Why can’t he just say what he wants? I look at his face and try to read his expression. His glassy eyes are sad and he looks kind of pale.
I slow down without stopping.
Why can’t he just speak?! I stop and wait.
‘Do you have a phone?’
OK, at least he’s not asking for money.
‘Can you call my mum and say I’m going to the Queen Elizabeth Hospital? I’m not ok.’
‘What’s the number?’
I dial it.
‘What’s your name?’
‘Hello, James asked me to call you. We are on Bristol Road. Number… 333. He’s not well. He’s heading to the Queen Elizabeth Hospital. He just wanted you to know.’

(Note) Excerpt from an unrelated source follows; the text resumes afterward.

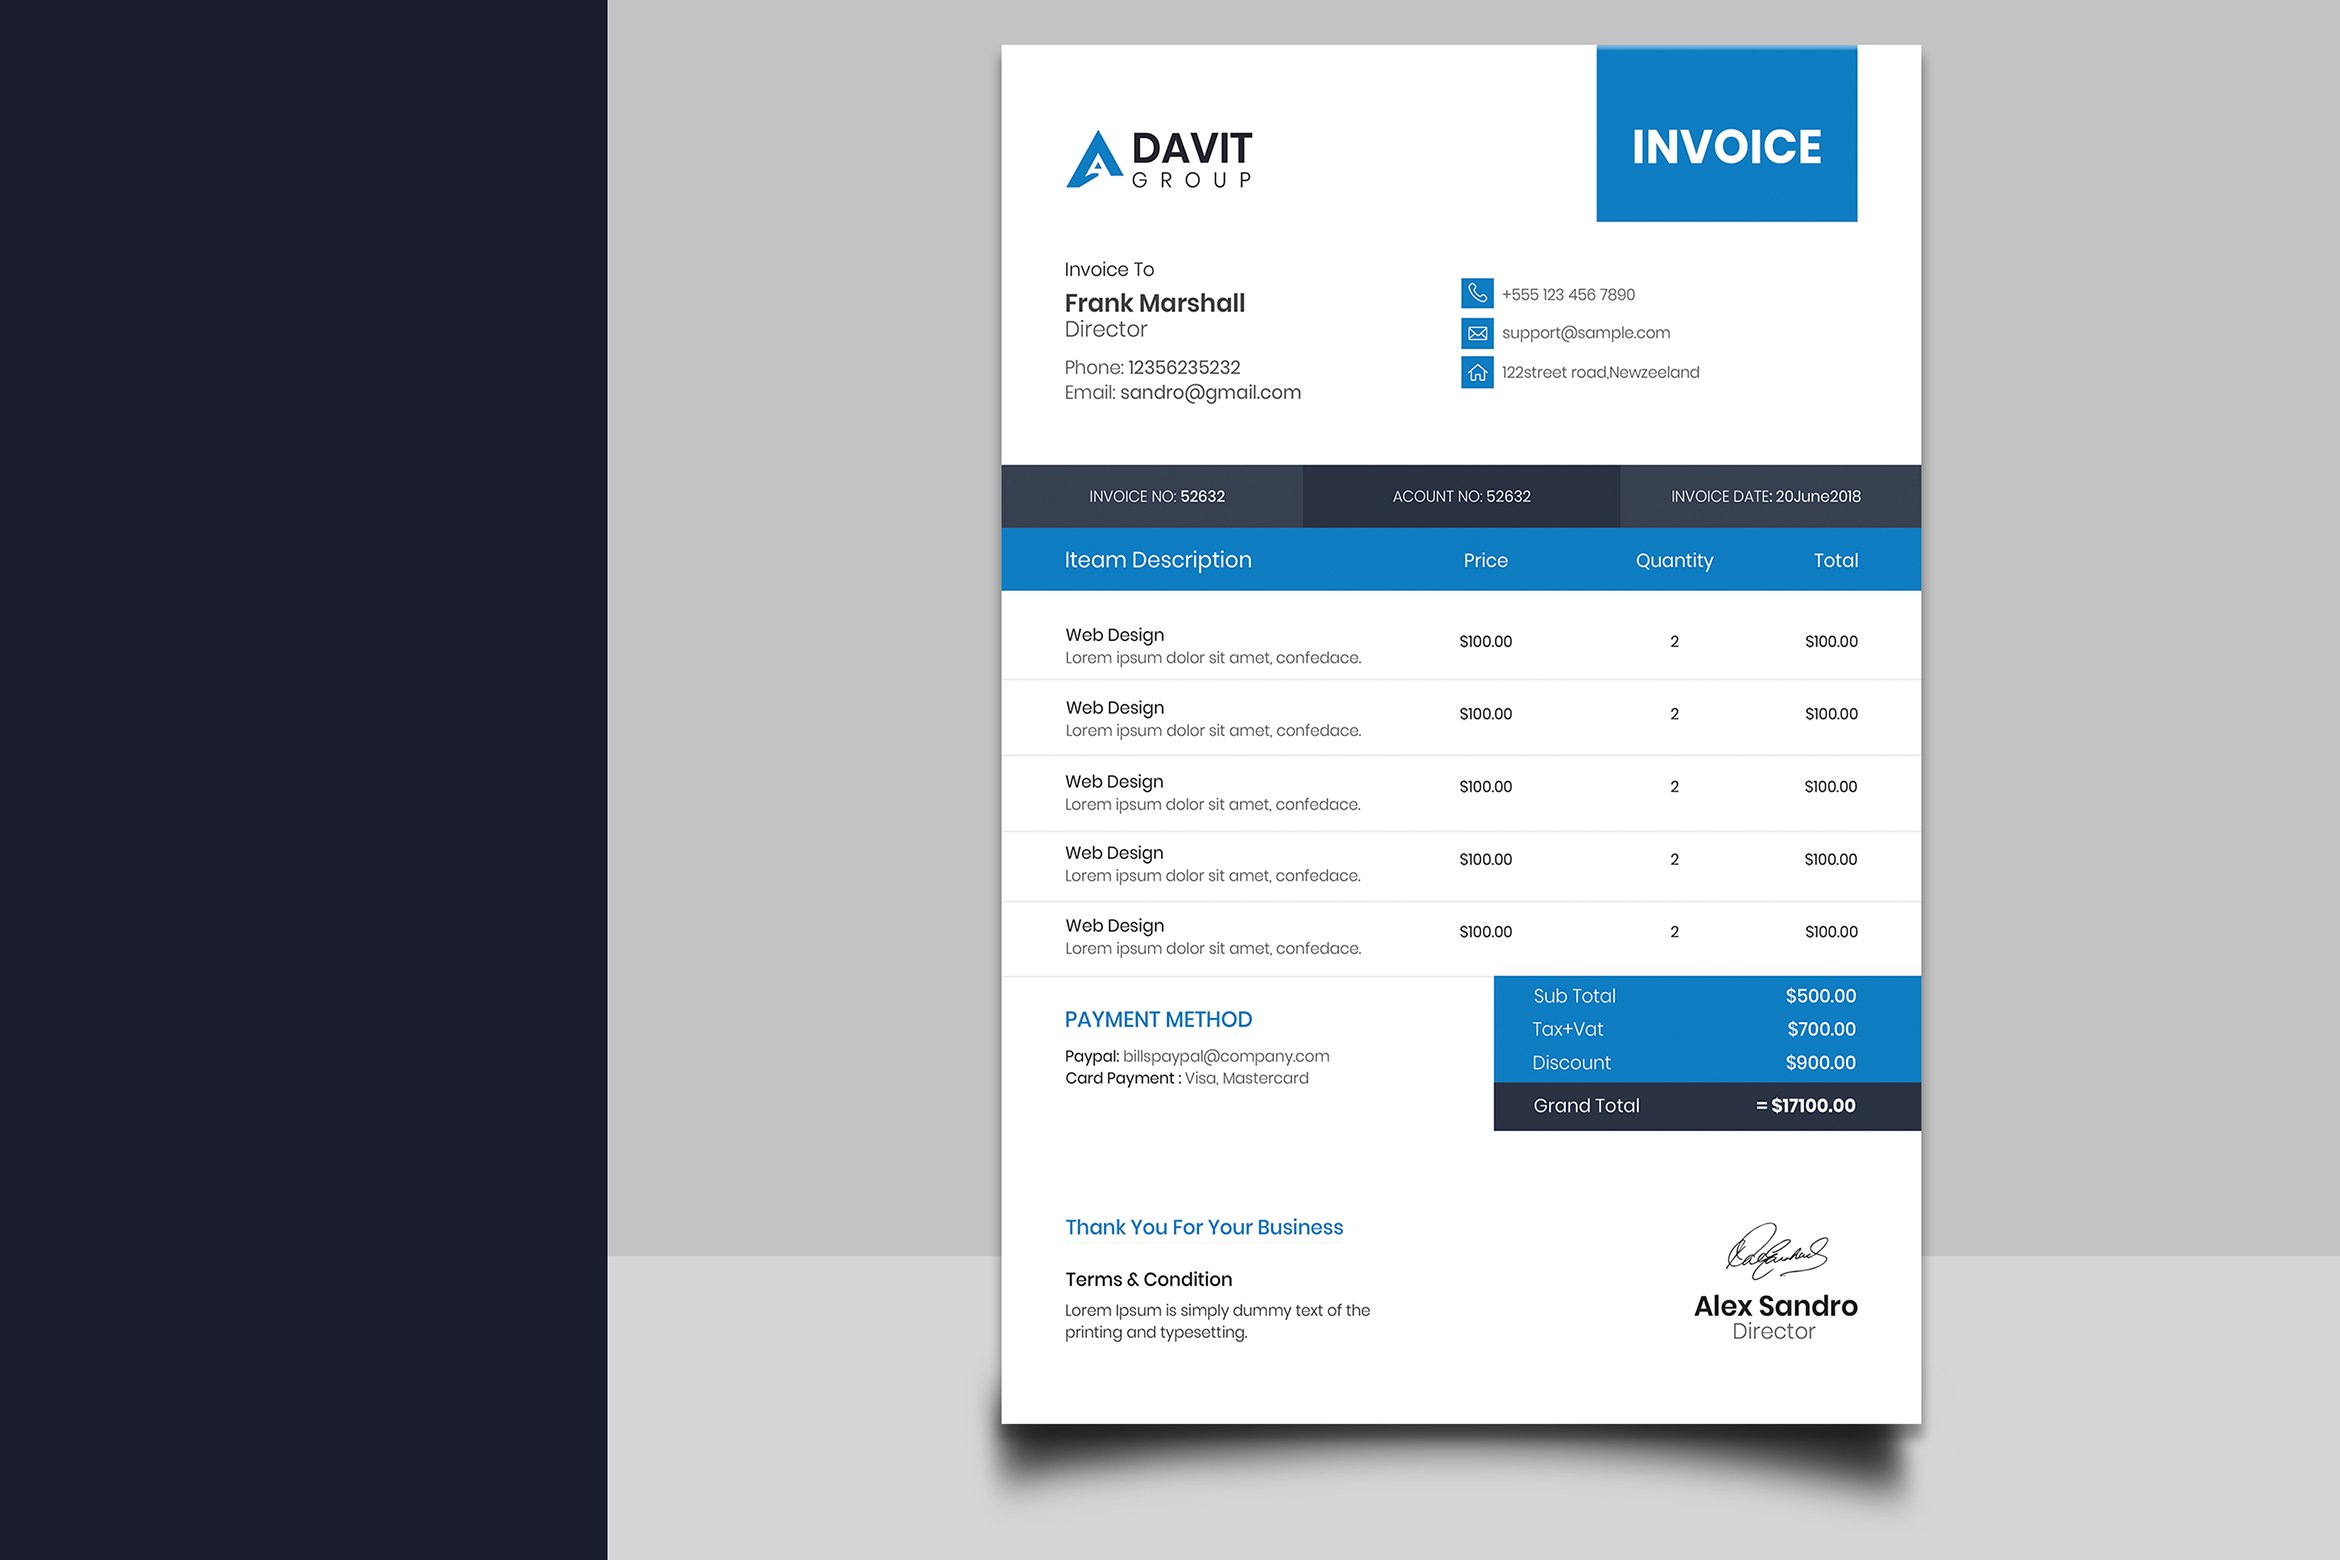 Invoice Design preview image.
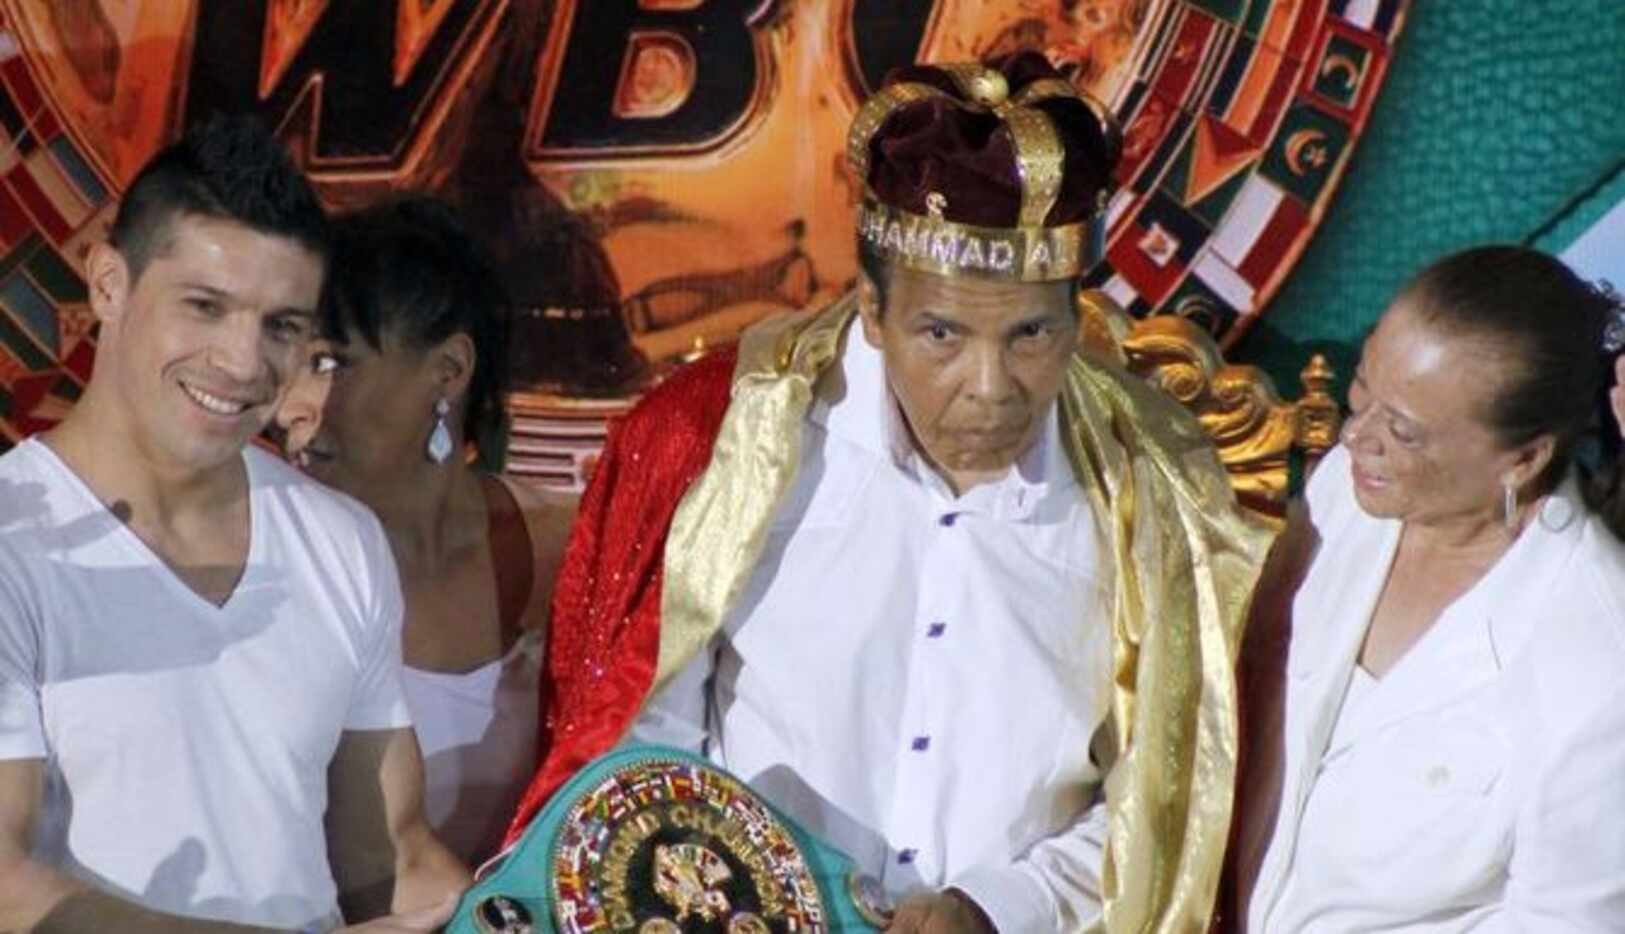 El ex campeón mundial de peso pesado Muhammad Ali (centro) en un evento en Cancún en...

‘I think you’ve got a wrong number.’
‘I’m really sorry about it. I’ve been asked to call this number.’ I hold the phone down: ‘James, what are the names of your parents?’ He says and I continue. ‘Does John and Sarah live at this number?’
‘Yes, this is John.’
‘I’m with your son James.’ I repeat myself. It takes a few moments before John speaks again.
‘We are in such a shock. Can we speak to him?’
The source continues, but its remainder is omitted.